Introduction

As reminded by Gauss' opening quote, the reason why we combine “single observations” is to have an equivalent one “of greater accuracy than the single observations”. In fact, accidental errors tend to cancel,1if the observations are independent, and small systematic errors do too, if the measurements are performed using different devices and the data are analyzed by different methods. The simplest combination of the individual results is the arithmetic mean. But...- and let speak Gauss again [1]
“But if it seems that the same degree of accuracy cannot be attributed to the several observations, let us assume that the degree of accuracy in each may be considered proportional to the numbers $e$, $e'$, $e''$, $e'''$, etc. respectively, that is, that errors reciprocally proportional to these numbers could have been made in the observations with equal facility; the, according to the principles to be propounded below, the most probable mean value will no longer be the simple arithmetic mean, but

\begin{displaymath}\frac{e e \delta + e' e' \delta' +e'' e'' \delta'' +
e''' e'...
...e''' e''' + \mbox{etc} }\,,\mbox{''}
\hspace{1cm}\mbox{(G1)}
\end{displaymath}

that is, in modern notation, $\left(\sum_ie_i^2\,\delta_i\right)/\left(\sum_ie_i^2\right)$, in which we recognize the well known weighted average, provided $e_i=1/\sigma_i$. Then, later on (the conversion to modern notation is now straightforward),
“The degree of precision to be assigned to the mean found as above will be [...]

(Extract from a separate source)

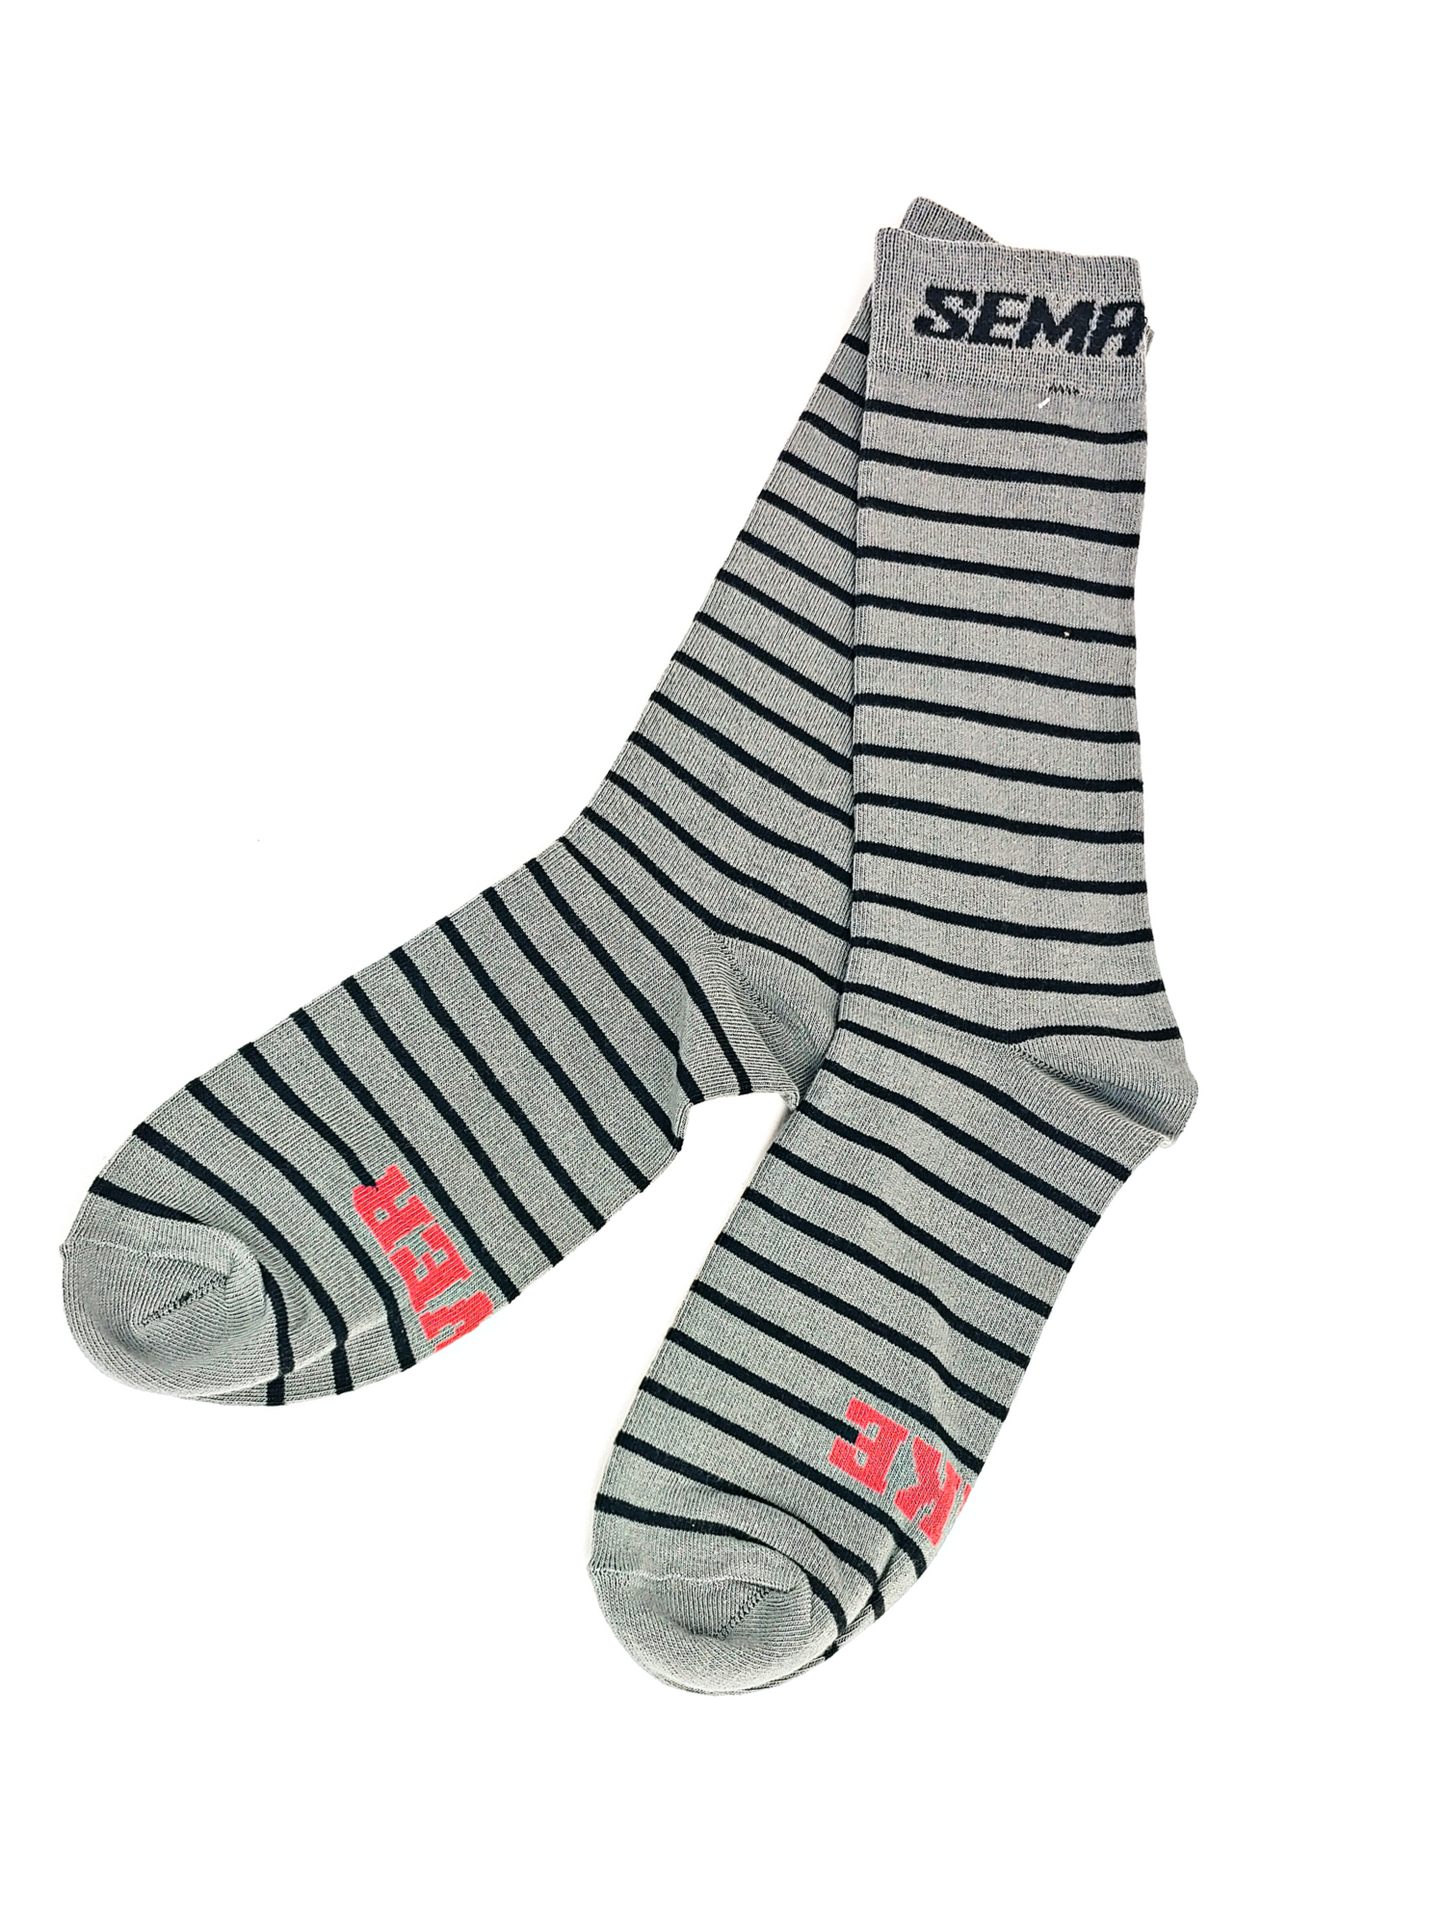 SEMA Socks - Black/Grey - Limited Edition

\begin{displaymath}\sqrt{}(e e + e' e' +e'' e'' +
e''' e''' + \mbox{etc})\,; \hspace{2.0cm}\mbox{(G2)} \end{displaymath}

so that four or nine equally exact observations are required, if the mean is to possess a double or a triple accuracy.”
The advantage of having `distilled' the many observations into a single, equivalent one is that further calculations are simplified, or made feasible at all, especially in the absence of powerful computers. But this idea works if there is no, or little, loss of information.2 This leads us to the important concept of statistical sufficiency, which will be reminded in Sec. 2 for the well understood case of Gaussian errors.

There is then the question of what to do in the case in which the individual results `appear' to be in mutual disagreement. The reason of the quote marks has been discussed in Ref. [2], of which this work is a kind of appendix. In short, they are a reminder, if needed, of the fact that, rigorously speaking, we can never be absolute sure that the `discrepancies' are not just due to statistical fluctuations. A way to implement our doubts has been shown in Ref. [2] and it consists in modifying the probabilistic model relating causes (the parameters of the model, first and foremost the `true' value of the quantity we aim to infer, although with uncertainty) and effects (the empirical observations), adding some extra-causes (additional parameters of the model) which might affect the observations. All quantities of interest are then embedded in a kind of network, a graphical representation of which can be very helpful to grasp its features.3

Traditionally, at least in particle physics, a different approach is followed. The degree of disagreement is quantified by the $\chi ^2$ of the differences between the individual results and the weighted average. Then, possibly, the standard deviation of the weighted mean is enlarged by a factor $\sqrt {\chi ^2/\nu }$. The rationale of the prescription, as a fast and dirty rule to get an rough idea of the range of the possible values of the quantity of interest, is easy to understand. However, there are several reasons of dissatisfaction, as discussed later on in Sec. 4, and therefore this simplistic scaling should be used with some care, and definitely avoided in those cases in which the outcome is critical for fundamental physics issues.4Moreover, it will be shown how the outcome can be biased if the prescription is first applied to a sub-sample of the individual results and, subsequently, the partial result is combined with the remaining ones using the same rule. The conclusions will also contain some general considerations on how an experimental result should be presented in order to use it at best a) to confront it with theory; b) to combine it with other results concerning the same physics quantity; c) to `propagate' it into other quantities of interest.

Finally, a puzzle is proposed in the Appendix in order to show that independent Gaussian errors are not a sufficient condition for the standard weighted average.